The market reaction is so incredibly short-sighted, Dr. Strangemarket calls it "Die Another Quarter". Right now everyone is chasing this quarter's returns and this quarter's returns only. So the market is only looking at June. Wait, wouldn't a September rate hike reverse all of this quarter's gains and more? Doesn't matter to this market. Squeeze out a few more percentage points this quarter, and worry about September later. Sell stocks and take profits when the May, June, July and August jobs reports indicate the rate hike is finally about to hit.
But is everyone is thinking that same thing, who will buy when everyone decides it's time to sell? This is what market crashes are made of. Dr. Strangemarket reminds you: your stop-losses will not save you if no buyer can be found at your stop-loss price during a rapid market decline. Ask forex traders who were short the Swiss franc in January how their stop-losses worked out for them when Switzerland de-linked the franc from the euro.
Finally, in light of today's market moves, Dr. Strangemarket has an idea for an extreme contrarian bet: What if the Fed decides the best way to begin raising rates is to surprise everyone and make the first move in June now that almost nobody is expecting it? Yellen just warned that the stock market appears overvalued, after all. The Fed doves will be alarmed, but if Yellen lines up with the Fed hawks...I'm just sayin'.

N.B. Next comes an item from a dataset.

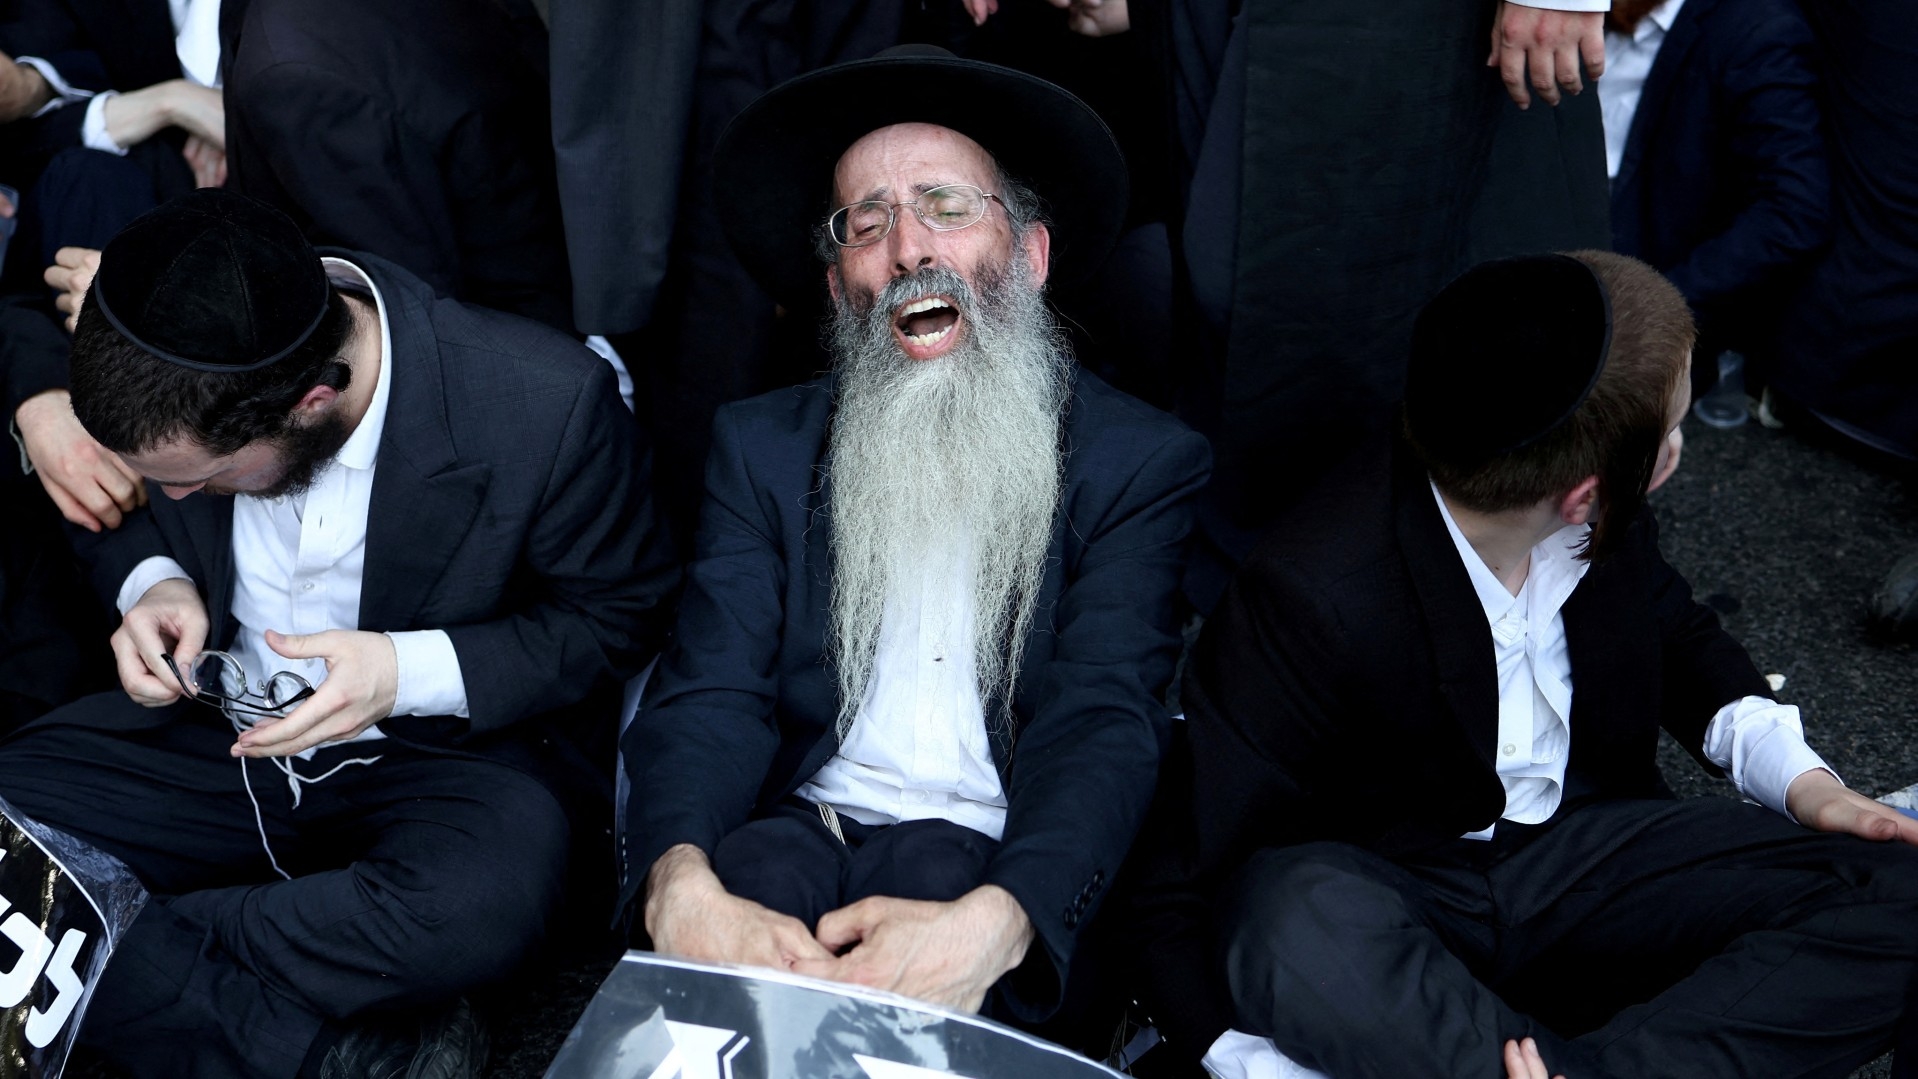 Ultra-Orthodox men protest in Bnei Brak, Israel, on 27 June following a ruling requiring the state to begin drafting seminary students into the military (Reuters/Eloisa Lopez)
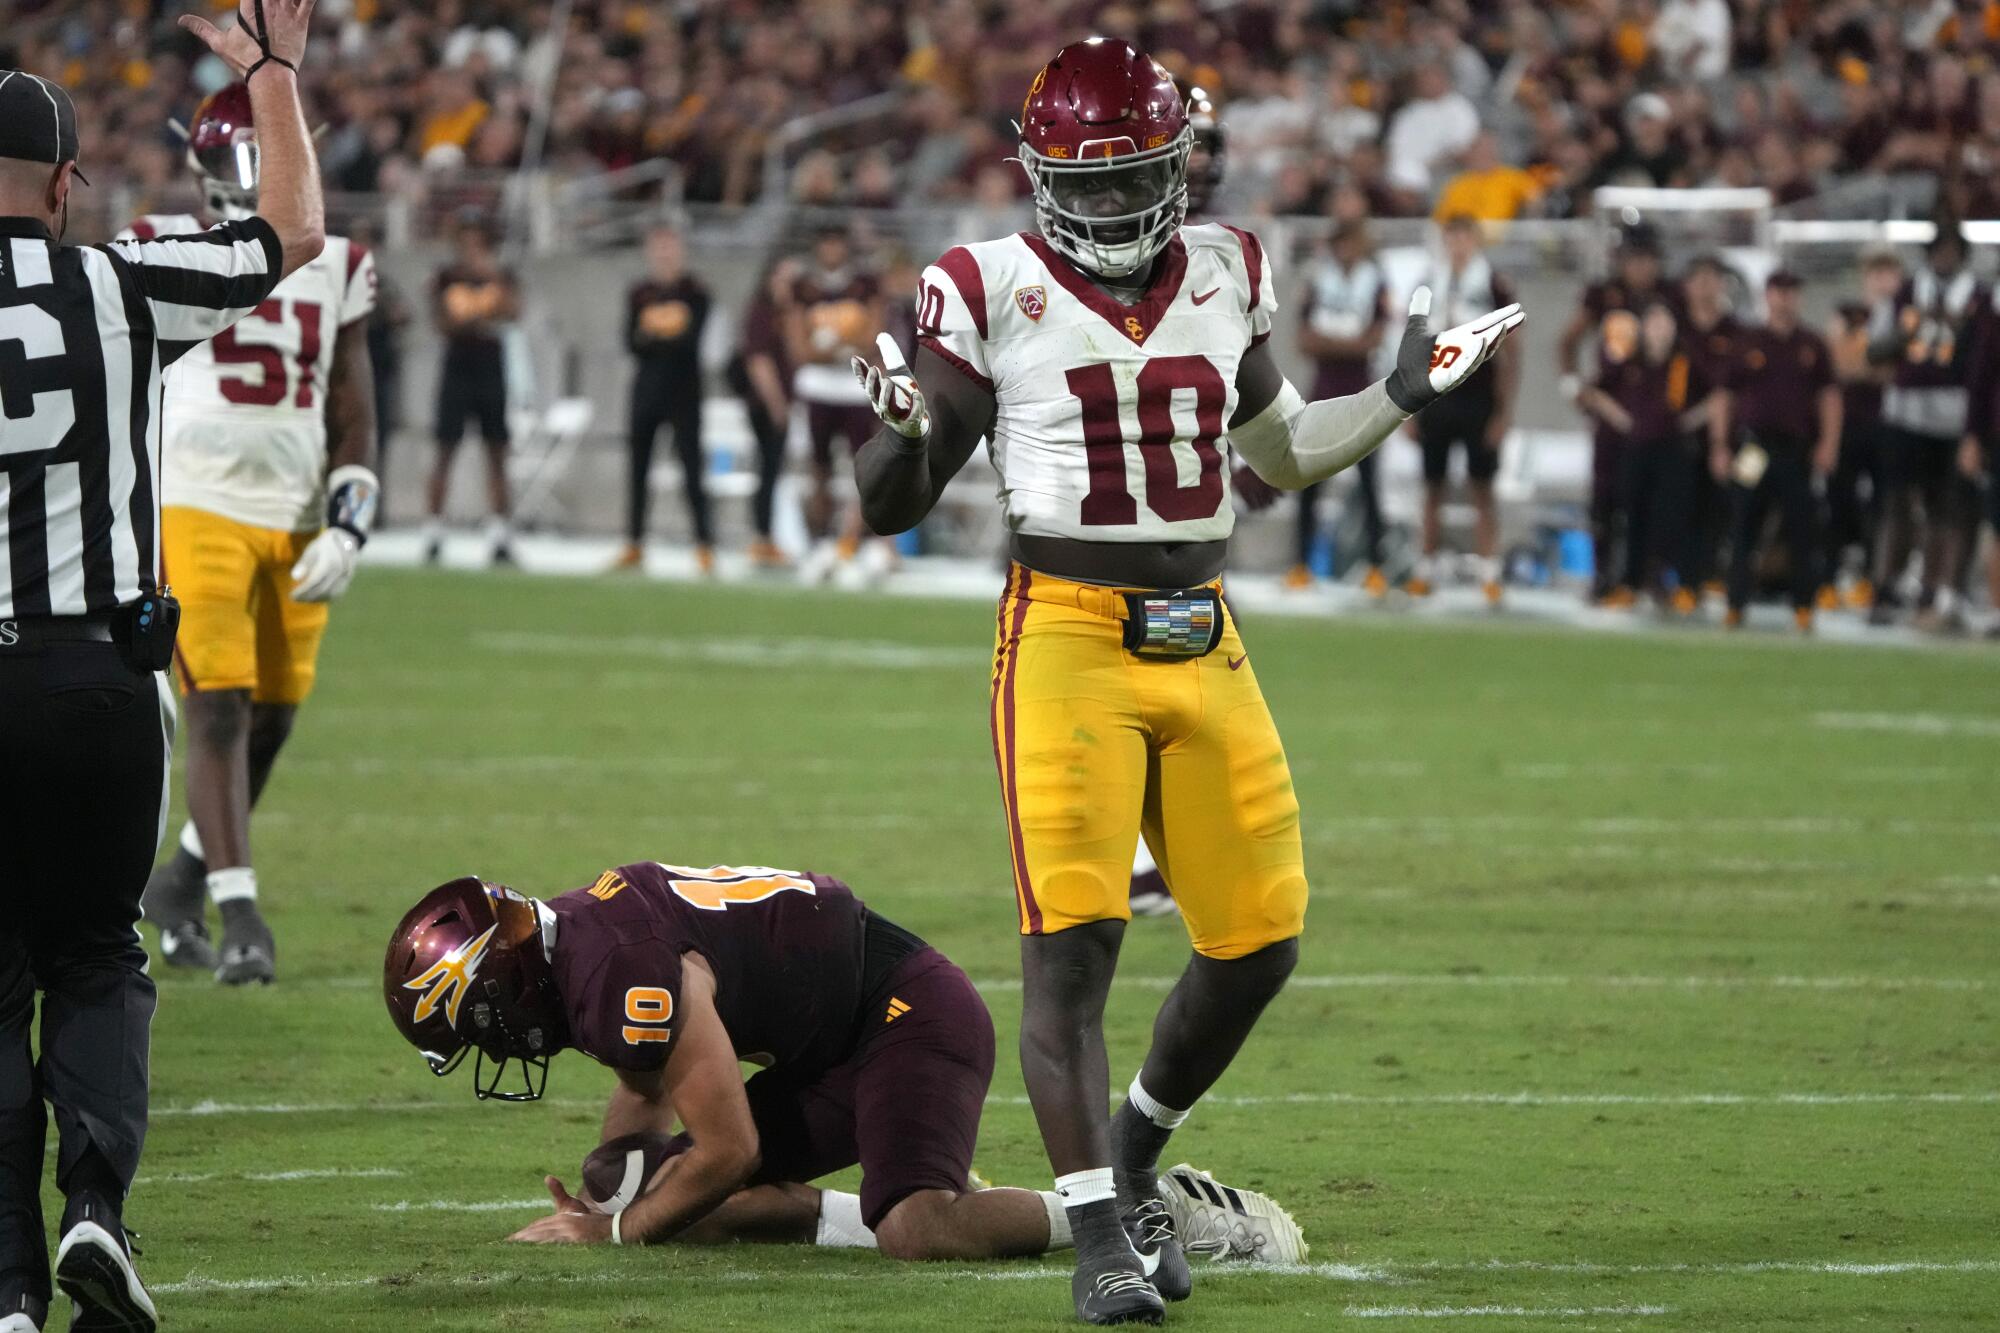 Jamil Muhammad (10) reacts after sacking Arizona State quarterback Drew Pyne in the Trojans' win on Sept. 23.

The way to play a bet on this move is to wait until the week before or the day before the June Fed meeting, and buy up some dirt-cheap S&P 500 (SPY) June put options, which expire two days after the Fed meeting. With so little time on them, and so little expectation of a rate hike, those options will be VERY cheap. The mainstream discussion will just be about what kind of guidance or hints the Fed will give about September and beyond. An actual June hike will roil the stock market, and those puts could produce a very big payoff in a very short amount of time.
Hey, it's just an idea. You even have a month to think about it. Do your own research and decide for yourself. Don't risk too much money on an outside shot like this one. An option is like a bet. Only bet what you can afford to lose. Stay safe out there.